Poster Presentation 14th International Biennial Conference on Metastasis Research 2012

Esophageal squamous carcinoma and normal squamous epithelia express differentially glycosylated mucin 21 (#89)

Yuan Tian 1 , Kaori Denda-Nagai 1 , Mika Kamata-Sakurai 1 , Shoji Nakamori 2 , Tatsuro Irimura 1
  1. The University of Tokyo, Bunkyo-ku, Tokyo, Japan
  2. National Hospital Organization Osaka National Hospital, Osaka, Japan

Aberrant glycosylation occurs in essentially all types of experimental and human cancers. Many glycosyl epitopes constitute tumor-associated antigens, and mucin with aberrant glycoforms has been known to involve cancer progression and metastasis.
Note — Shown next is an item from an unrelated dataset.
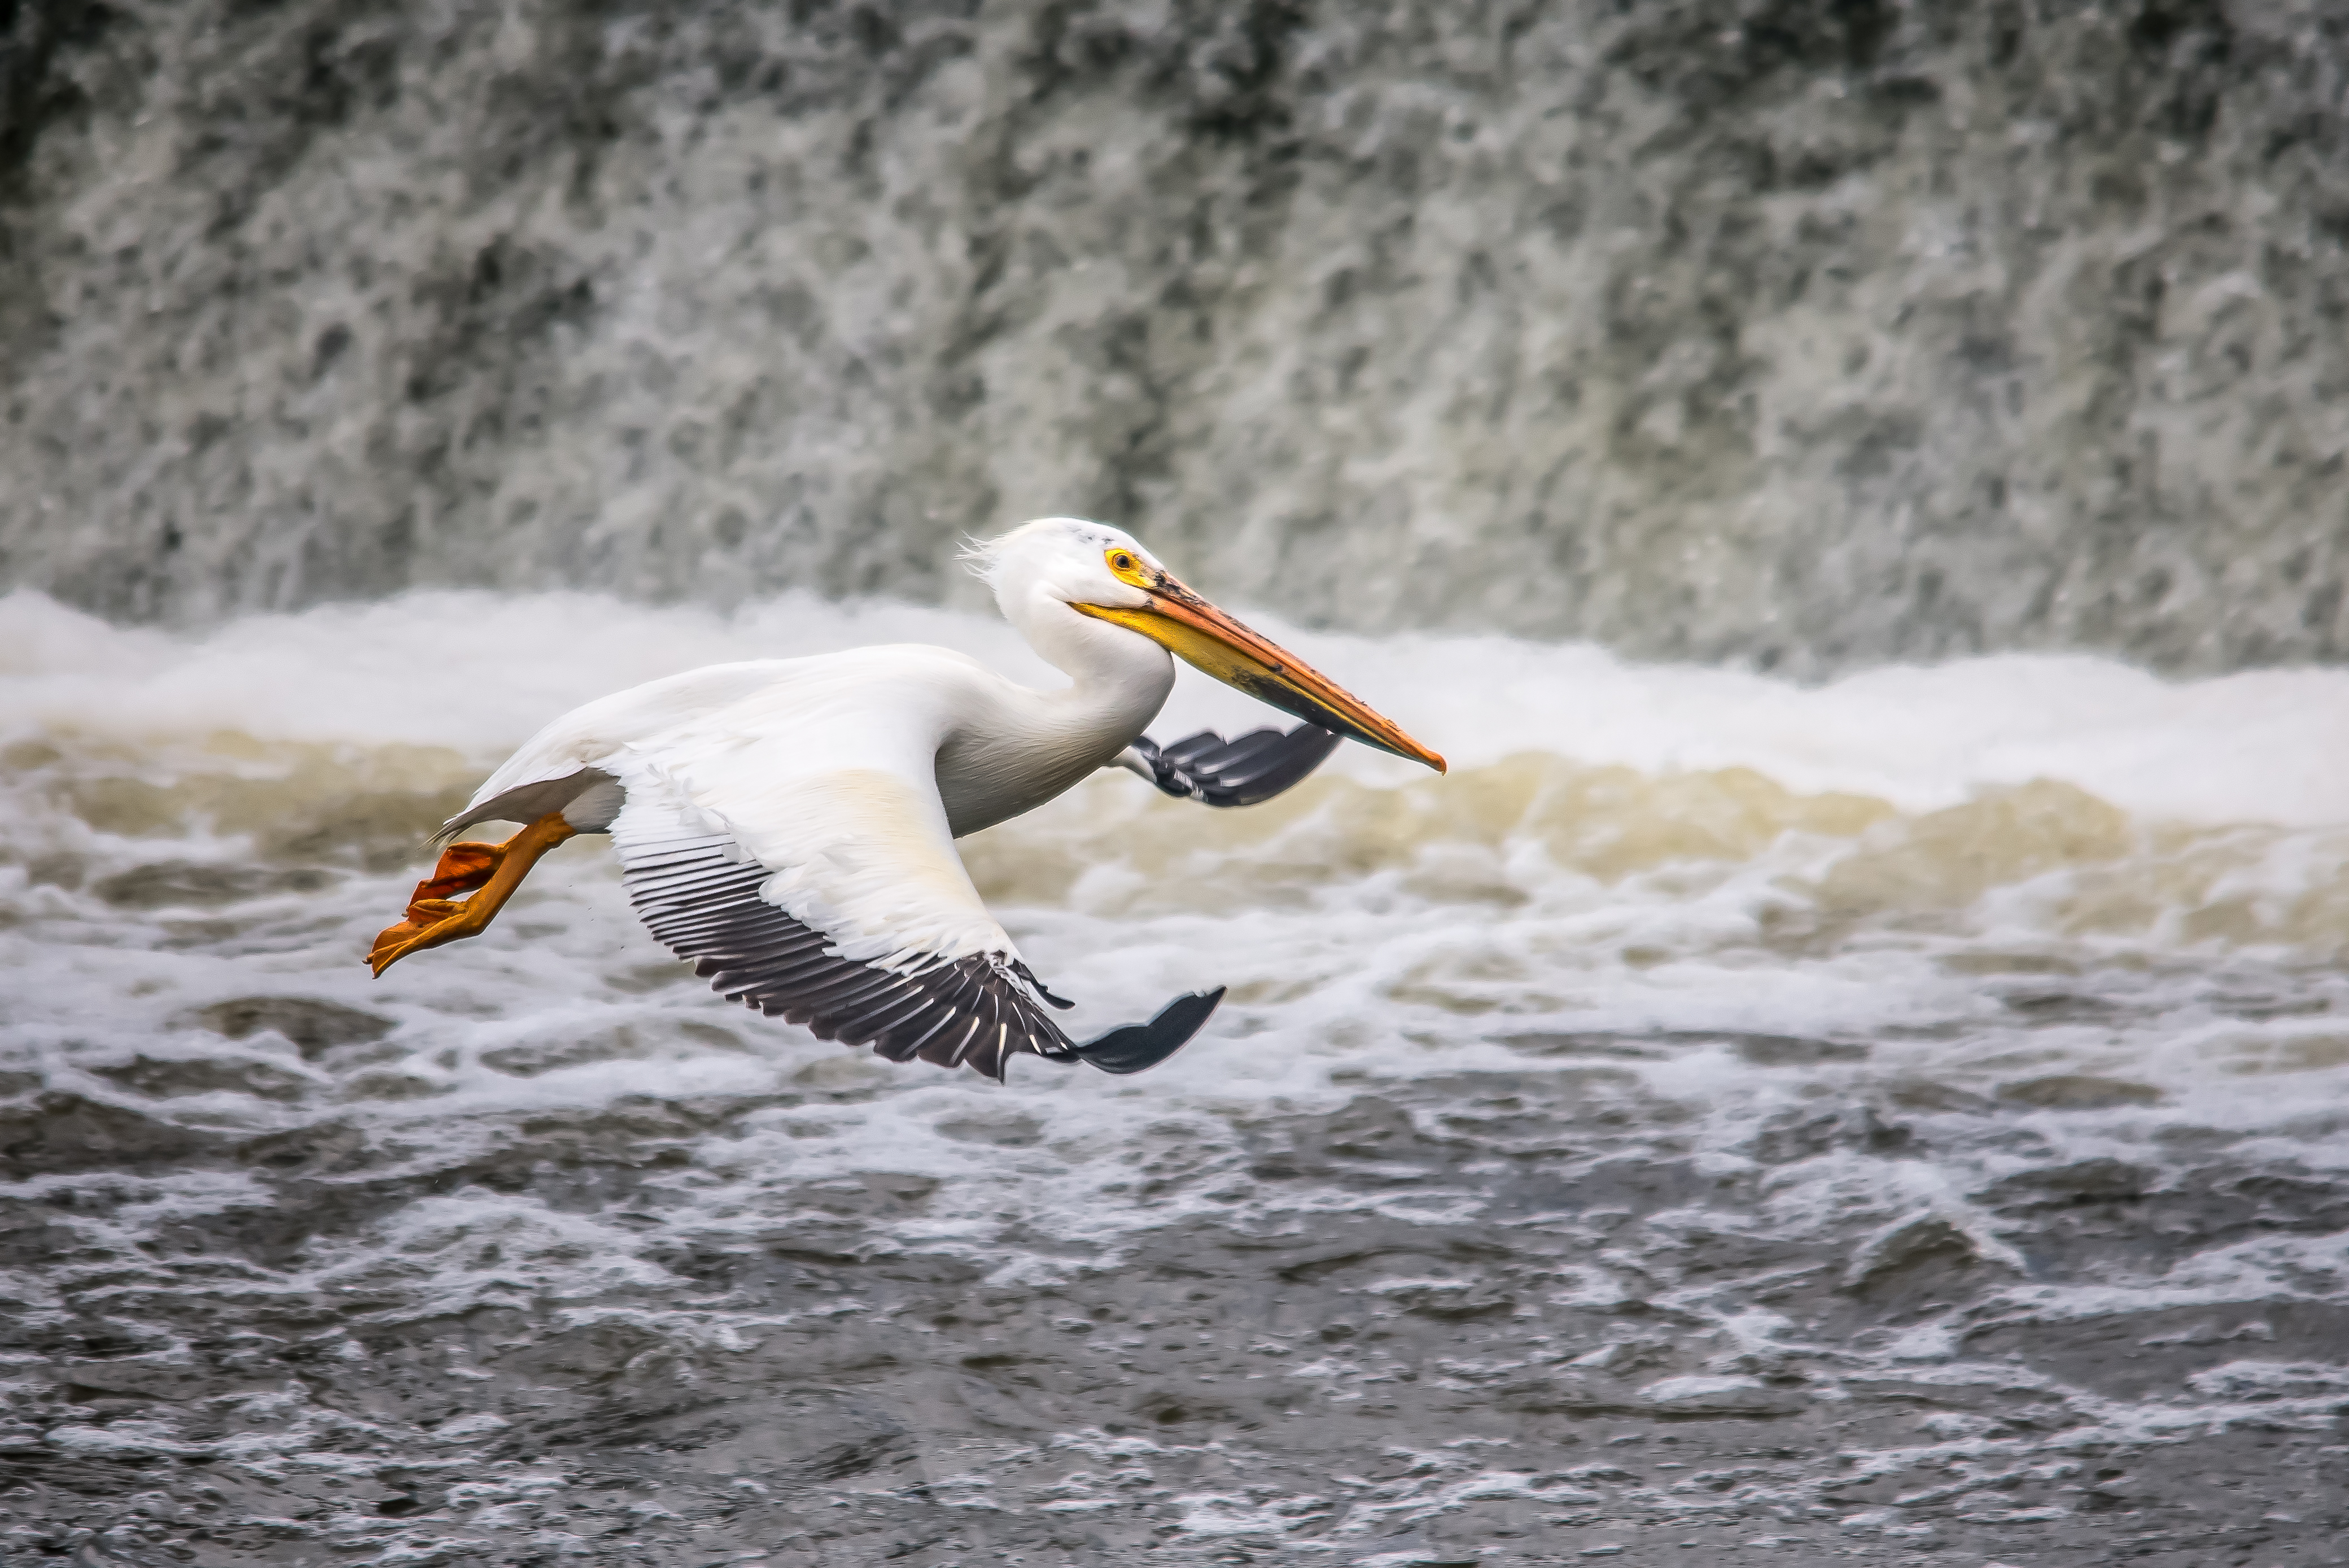 Pelican Landing in River by Kyle Mortara

However, there are few reports of the association between the glycosylation of mucins and squamous carcinoma. Here, we show that human mucin 21 (MUC21) could be used as a marker of squamous carcinoma in esophagus.
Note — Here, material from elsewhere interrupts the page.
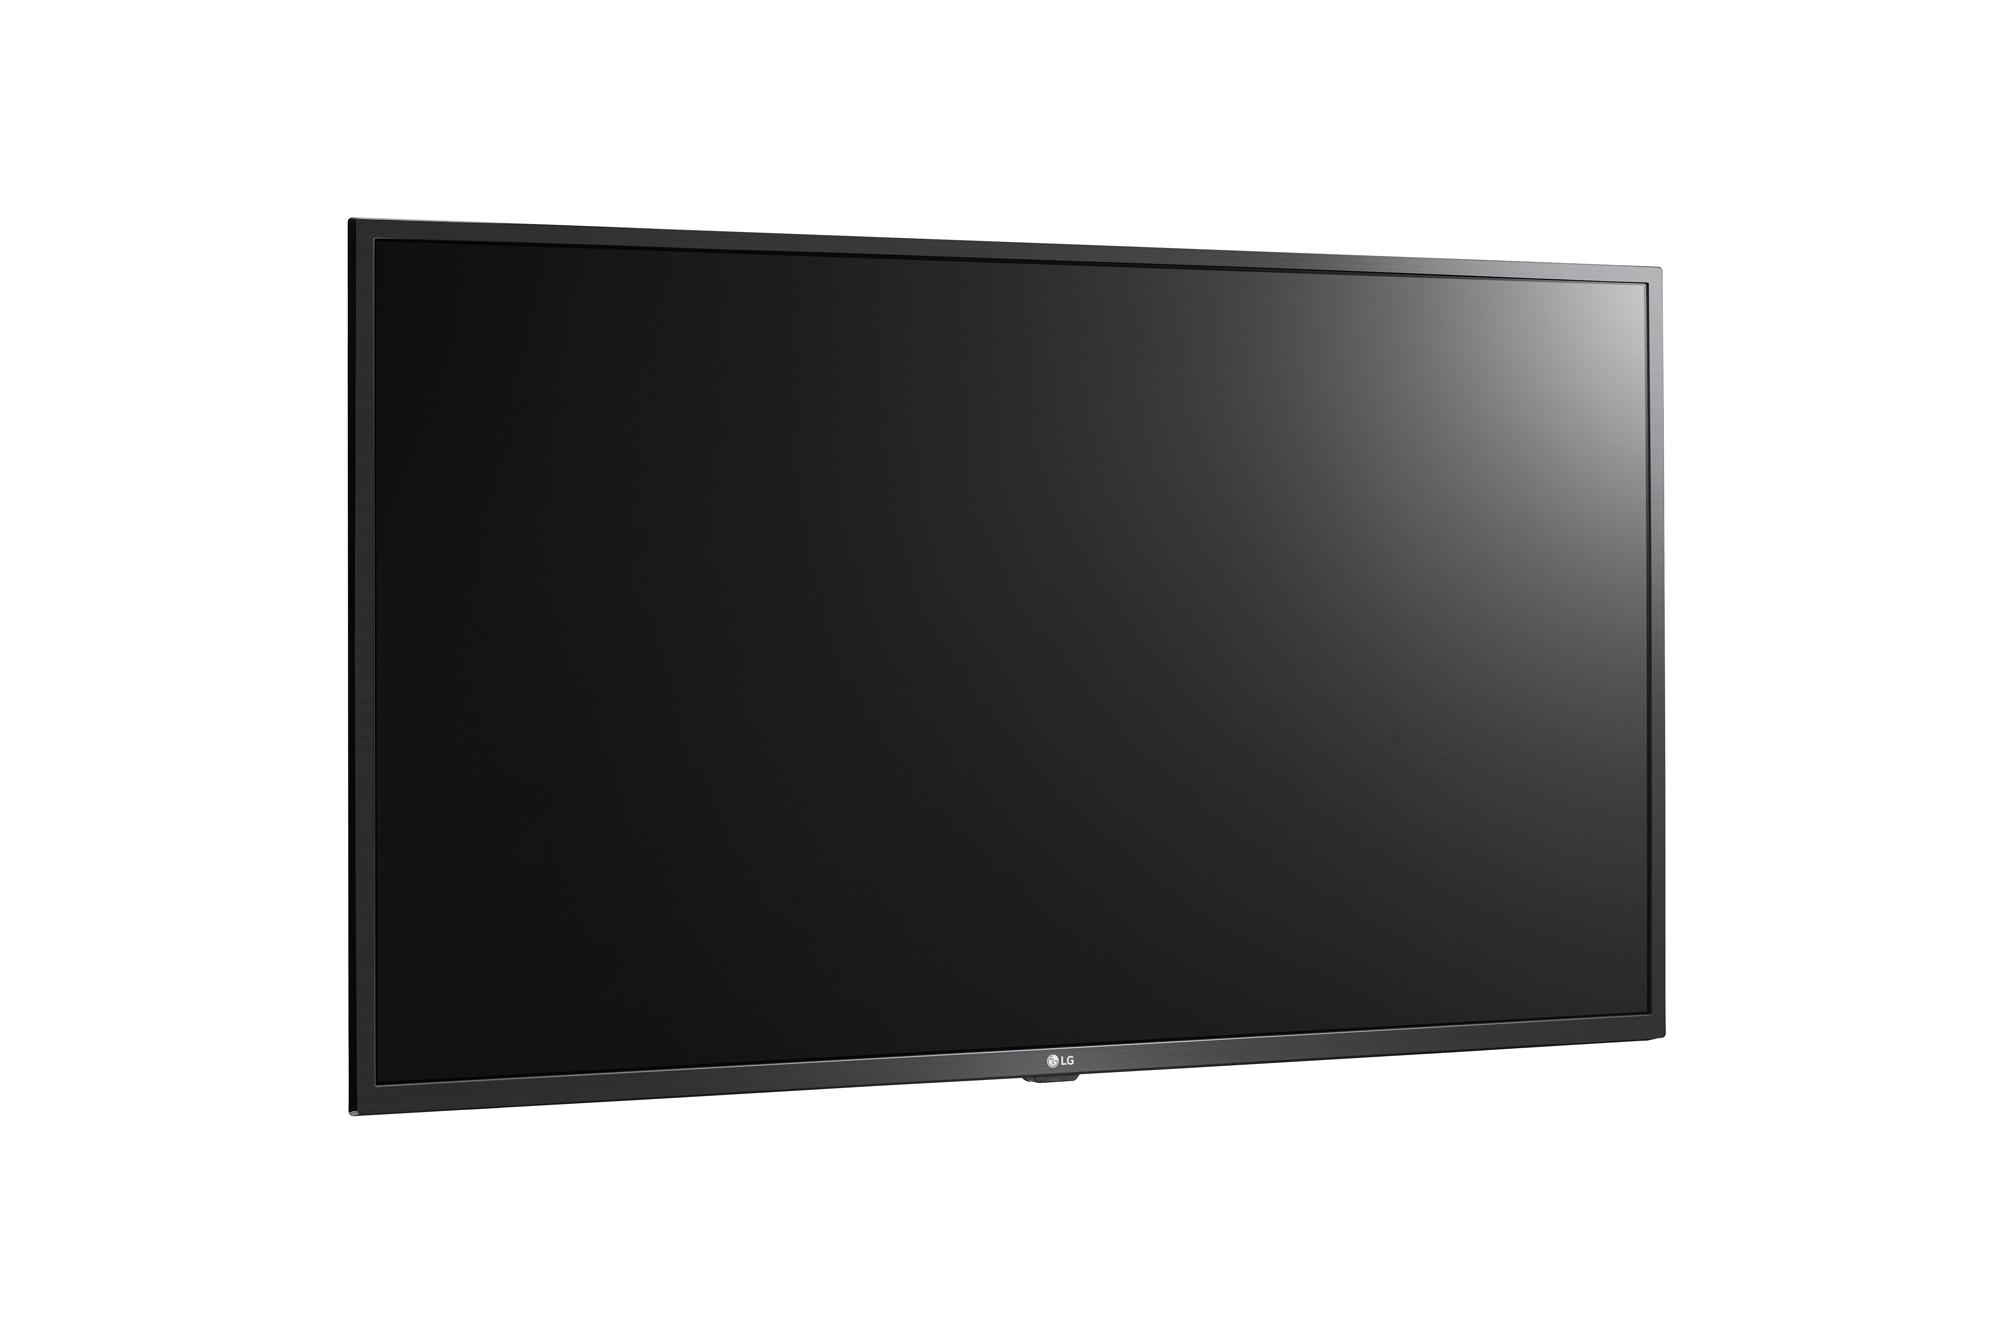 LG Smart TV Signage 43UT640S (CIS) 7

Monoclonal antibodies (mAbs) against mucin 21 (MUC21), a human counterpart of mouse epiglycanin/Muc21, were prepared using human embryonic kidney 293 cells transfected with MUC21 as the immunogen. The specificity of these mAbs was examined by flow cytometry, immunoprecipitation, and Western blotting, focusing on the differential glycosylation of MUC21 expressed in variant Chinese hamster ovary (CHO) cells (ldlD cells and Lec2 cells) and CHO-K1 cells. One of these mAbs, heM21D, bound to both the unmodified core polypeptide of MUC21 and MUC21 attached with N-acetylgalactosamine (Tn-MUC21). Six antibodies, including mAb heM21C, bound to MUC21 with Tn, T, or sialyl-T epitopes but not the unmodified core polypeptide of MUC21. Esophageal squamous carcinomas and adjacent squamous epithelia were immunohistochemically examined for the binding of these mAbs. MUC21 was expressed in esophageal squamous epithelial cells, and its O-glycan extended forms were observed in the luminal portions of squamous epithelia. As revealed by the binding of mAb heM21D and the absence of reactivity with mAb heM21C, esophageal squamous carcinoma cells produce MUC21 without the attachment of O-glycans. This is the first report to show that there is a change in the glycoform of MUC21 that can be used to differentiate between squamous epithelia and squamous carcinoma of the esophagus. Thus, these antibodies represent a useful tool to characterize squamous epithelial differentiation and carcinogenesis.
This work was supported in part by Global COE Program “Medical System Innovation on Multidisciplinary Integration” from MEXT, Japan.